The federal government has ordered Enbridge Energy not to reopen a major Wisconsin crude oil pipeline after its latest oil spill, citing a history of failures that suggests an inadequate safety program.
Though the spill near Grand Marsh, Wis., is relatively small -- about 1,200 barrels -- it raises fresh questions about the Calgary, Alberta-based company's oversight of its massive pipeline system, which spans northern Minnesota.
Enbridge faces a record $3.7 million federal penalty over a large oil spill two years ago in Michigan.

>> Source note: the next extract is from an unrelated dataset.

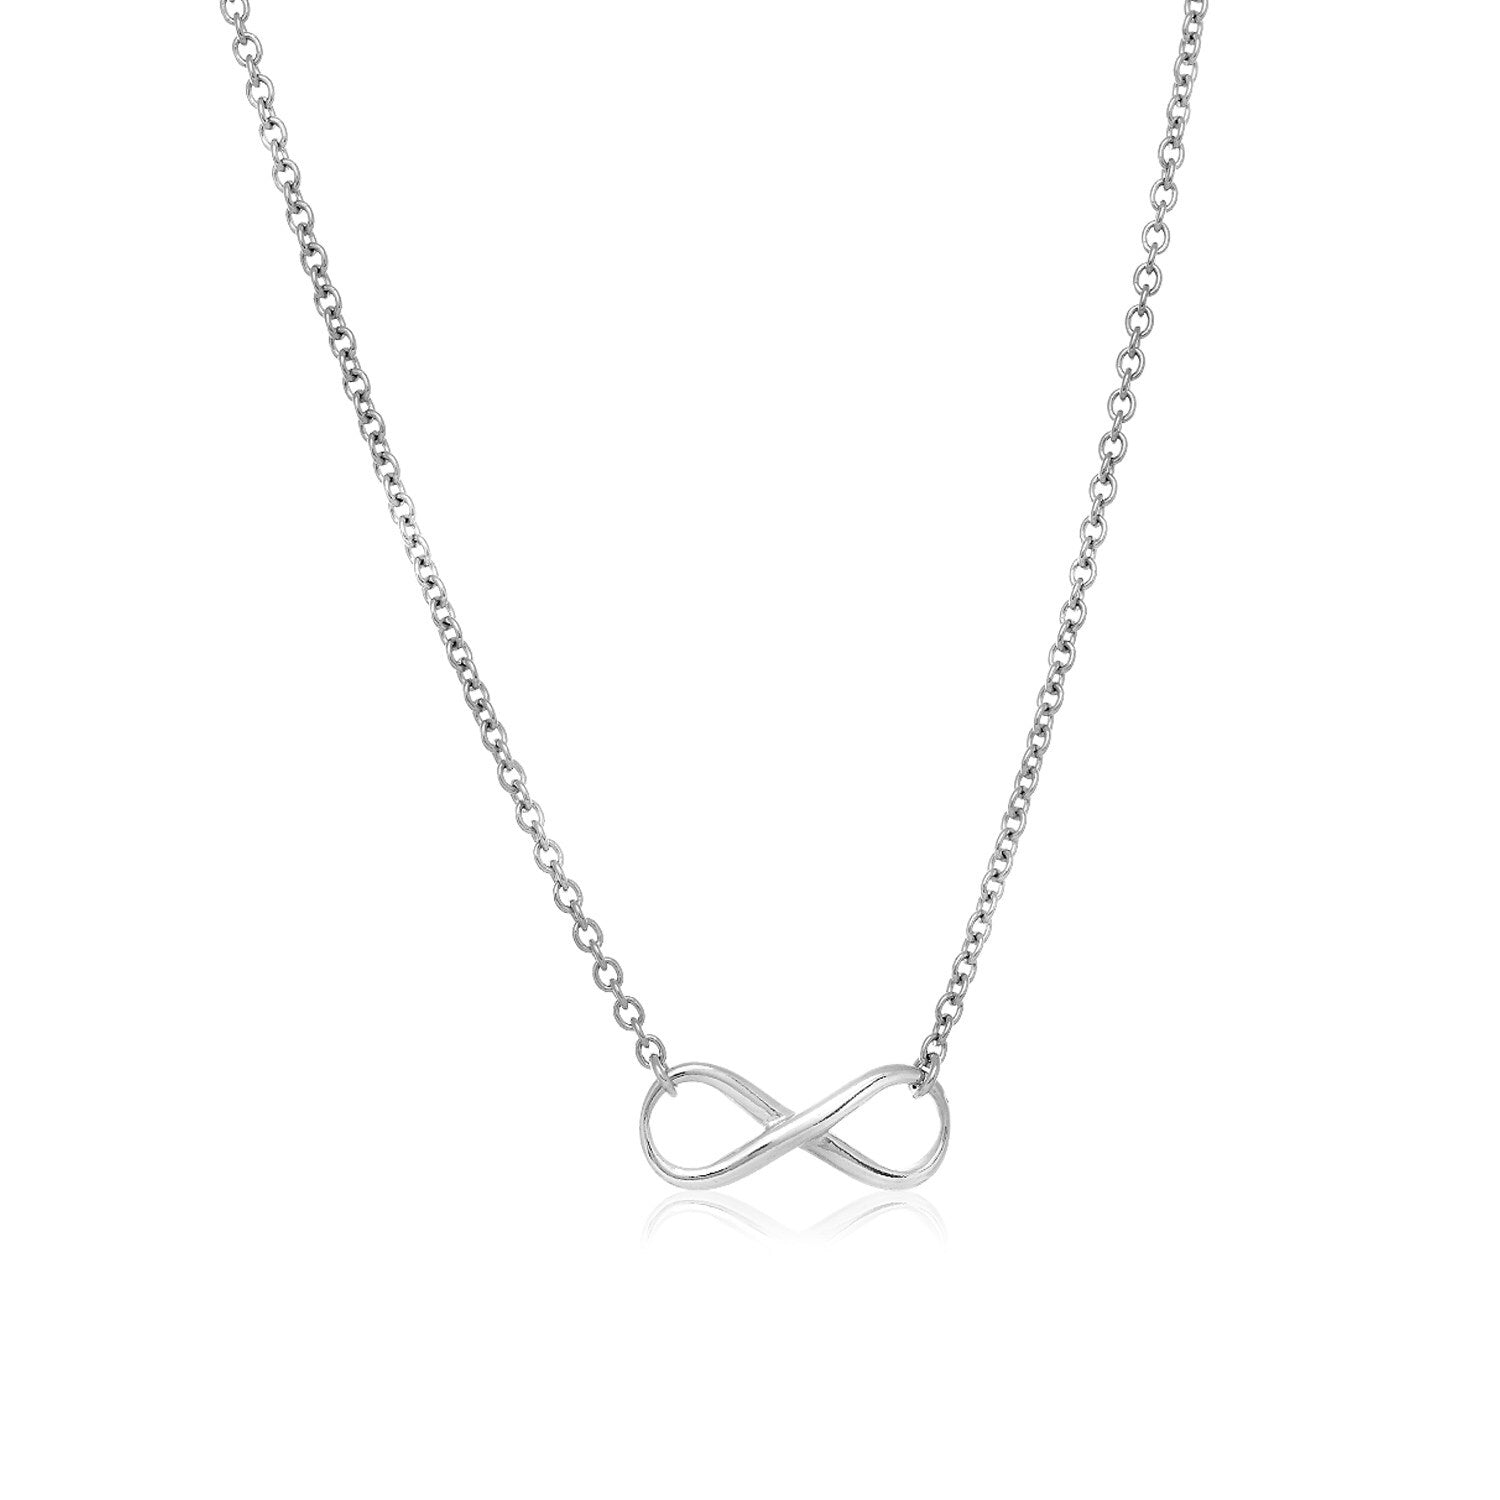 Sterling Silver Infinity Symbol Necklace, size 18''

"Pipelines operate safely across the country every single day. That's why accidents, like the one in Wisconsin, are absolutely unacceptable," U.S. Transportation Secretary Ray LaHood said in a statement Tuesday announcing that the line wouldn't reopen.
Enbridge spokeswoman Lorraine Little said Wednesday that company officials hope to meet with LaHood in the next day or two to hear his concerns, but she could not say how long the line would be out of service.
The 467-mile line carries North Dakota and Canadian oil from Superior, Wis., to Chicago. It is part of Enbridge's Lakehead system, capable of carrying 2.5 million barrels of oil per day.
The section between Superior and Chicago has been closed. If the shutdown means oil can't move as easily to Eastern markets, it could exacerbate an existing oversupply of crude in the Upper Midwest, but it's not expected to have broad effect on prices.
"It may lower the price on the upper part of that pipeline, and that may end up being favorable for lower prices locally" in Minnesota, said commodities futures broker Alex Breitinger, based in Valparaiso, Ind. "It is going to hurt people in Chicago."